After roll call we proceeded to our classroom, and sat on wooden desks much scored by previous pupils’ penknives and ballpoint pens. In first grade we had to write on small slates with pieces of chalk. To my total mortification, I stuck out like a sore thumb, because my mother must have been the nerdiest mum in the universe: she sewed little bags out of waterproof material for me and my siblings, which she attached to the slate via a piece of string and a thumbtack. Into this bag each morning she placed a dampened sponge, so that we could erase the slate as needed. Meanwhile everyone else, needless to say, just spat on the slate and wiped it clean with their sleeve.

During the break we filed out into the courtyard where my tomboyish side came in handy, since I was lethal at marbles against the boys, and won many a coveted glass marble with coloured swirls in the centre. Otherwise we girls played hopscotch on chalked squares and the boys kicked a ball around. There was a tiny shop which sold koulouria (circular breadsticks with sesame seeds) for the princely sum of 1 drachma—and for another 50 cents, you could get a thin triangle of kaseri cheese. We were given 1 or 2 drachmas on Saturdays (yes, we had school on a Saturday)—otherwise, it was an apple from home.

Our book from which we learnt the alphabet was very old-fashioned, featuring a boy and a girl who go from their village to the city where they discover electricity!

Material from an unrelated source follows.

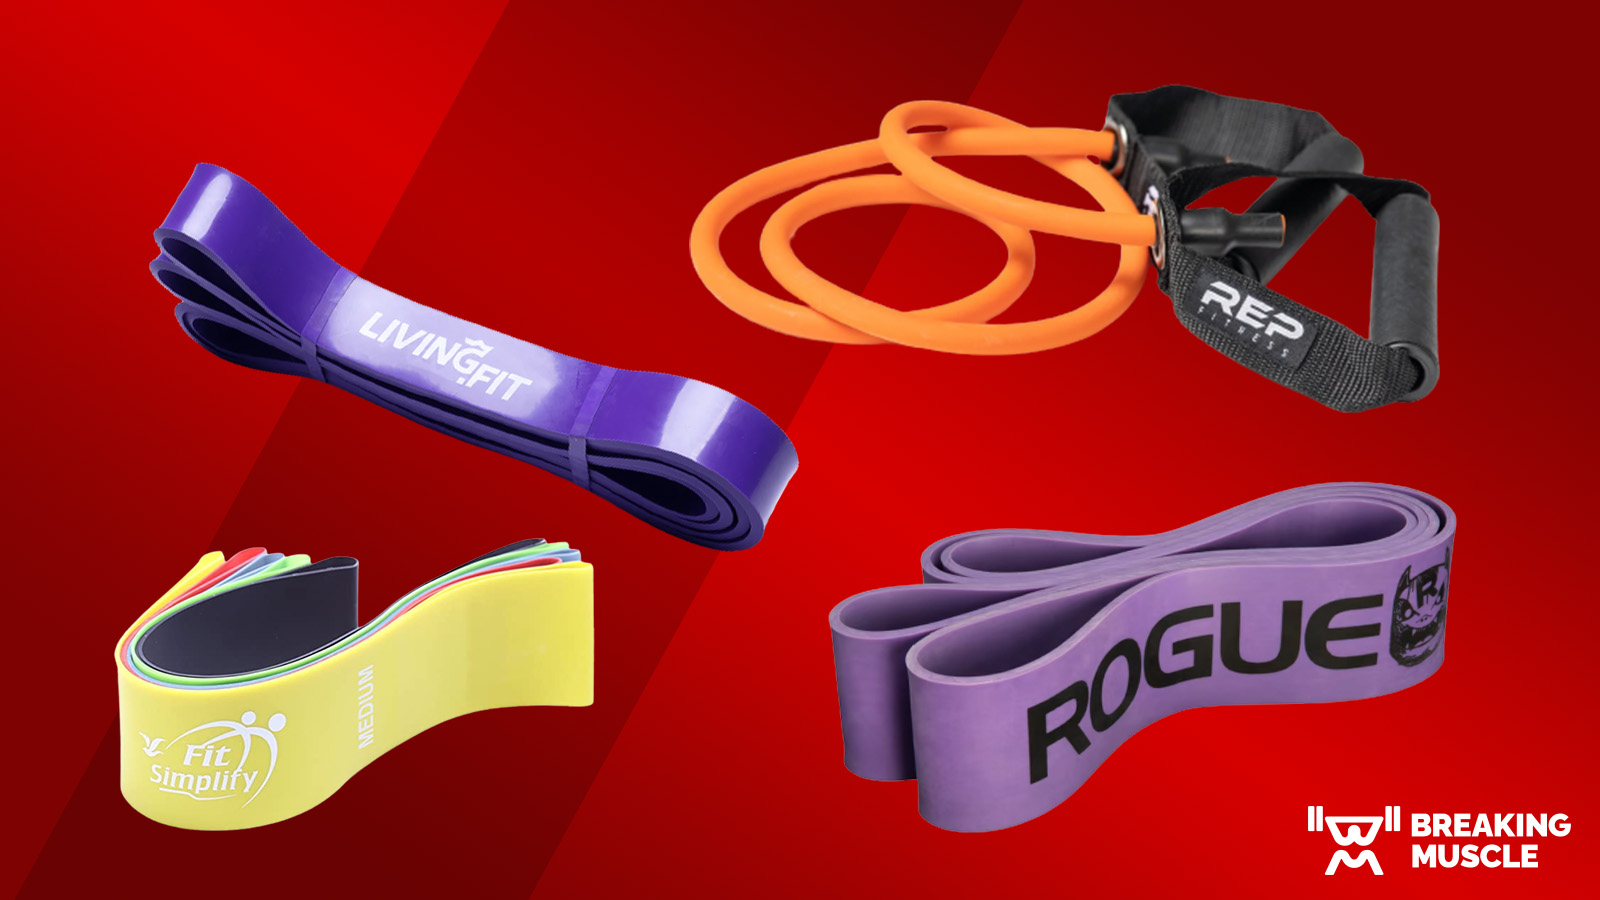 The 5 Best Exercise Bands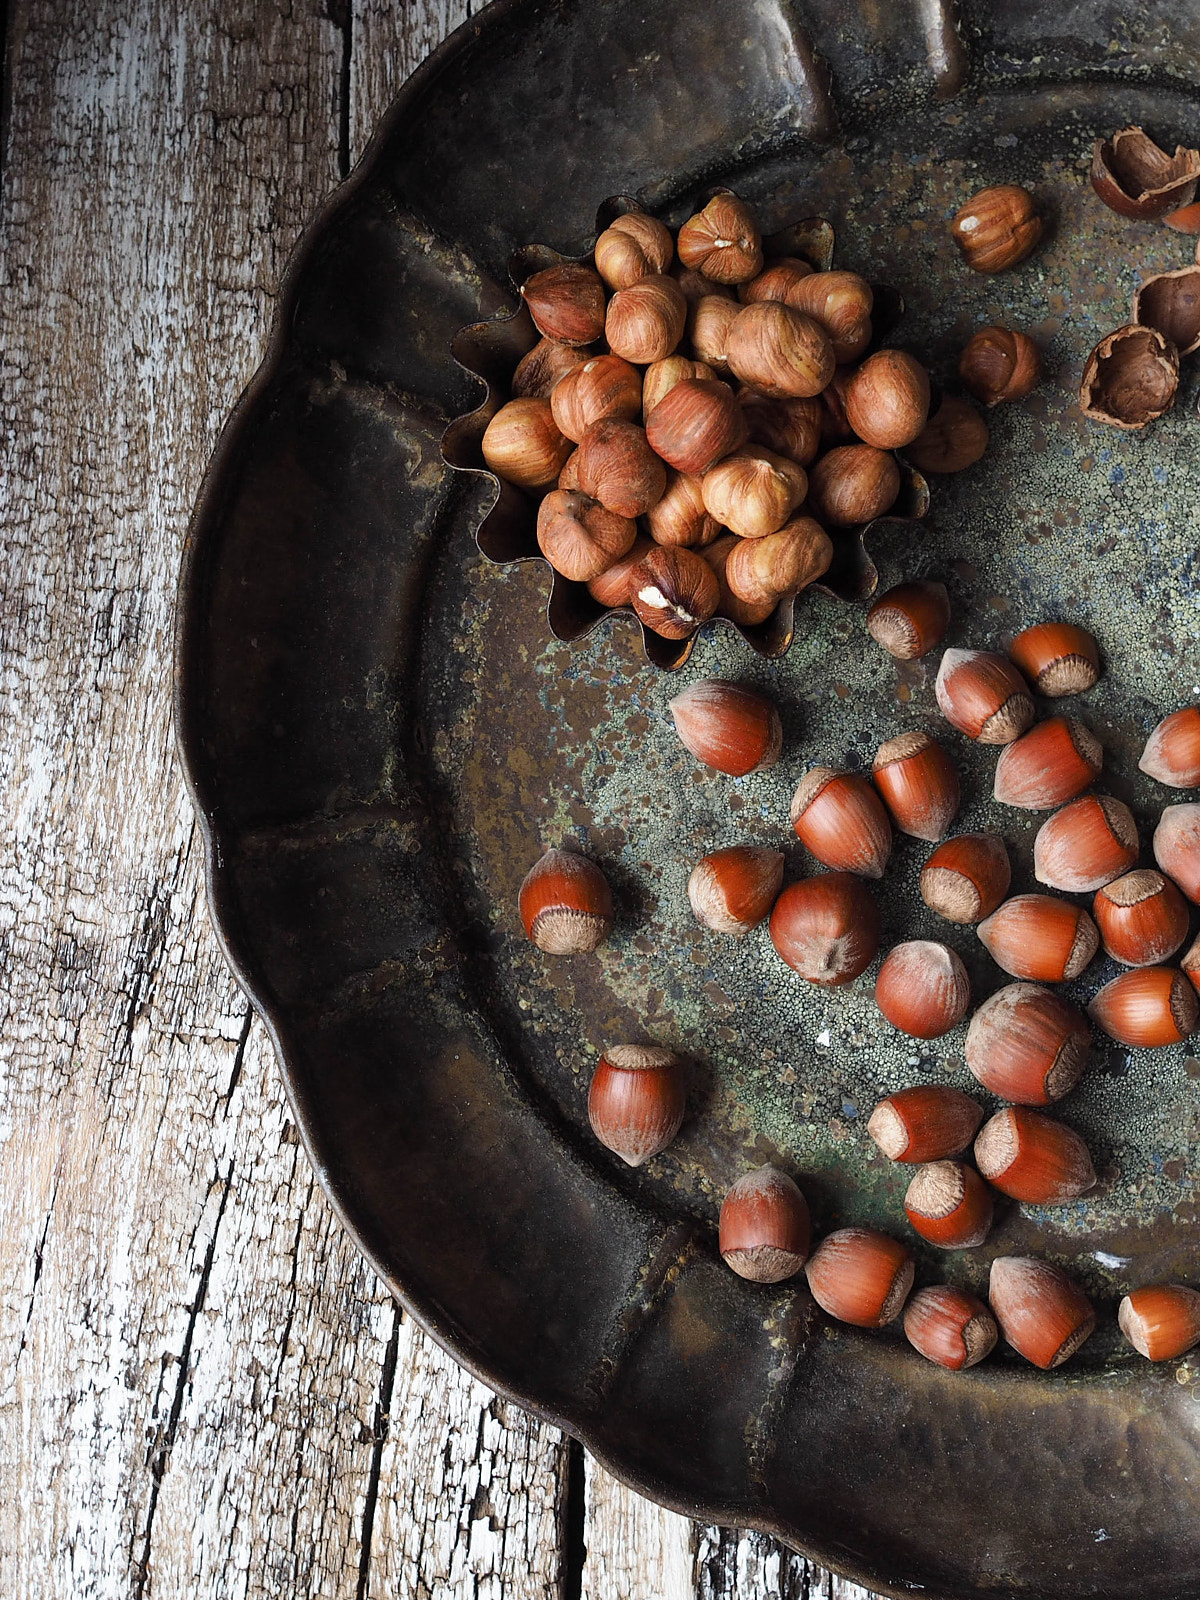 Sigma 19mm F2.8 DN Art sample photo. Hazelnuts scattered on an old metal platter and to photography

They press a switch and a light goes on! We had no book for arithmetic, Kyría Anna just wrote some simple sums on the blackboard.

Kyría Anna was extremely calm and mild tempered: I don’t remember her ever punishing anybody. Some of the male teachers in the more advanced classes, however, did administer slaps on the palm with a wooden ruler, or pulled boys’ sideburns. One, Kyrios Andreas, had a key chain which he’d whirl around and use it to hit boys on their bare legs. And our music teacher, Kyrios Gasparis, once memorably pulled a wonky leg off his chair and threw it at a boy who was being disruptive. Girls were almost never punished; and they often took refuge in tears, which got them off the hook.

It is proof of how small Athenian society was at the time that I still know a few of those children from first grade!

16 thoughts on “Down memory lane: first grade”

  1. Marina this is a fantastic capturing of those times. You should write a whole book with similar growing-up-in-Greece vignettes! I started school in the mid-50s. It was a little country school of about 20 students. No uniform and no school bell. Our teacher, Mr Allen, used to whistle like a farmer at his dogs when it was time to come inside!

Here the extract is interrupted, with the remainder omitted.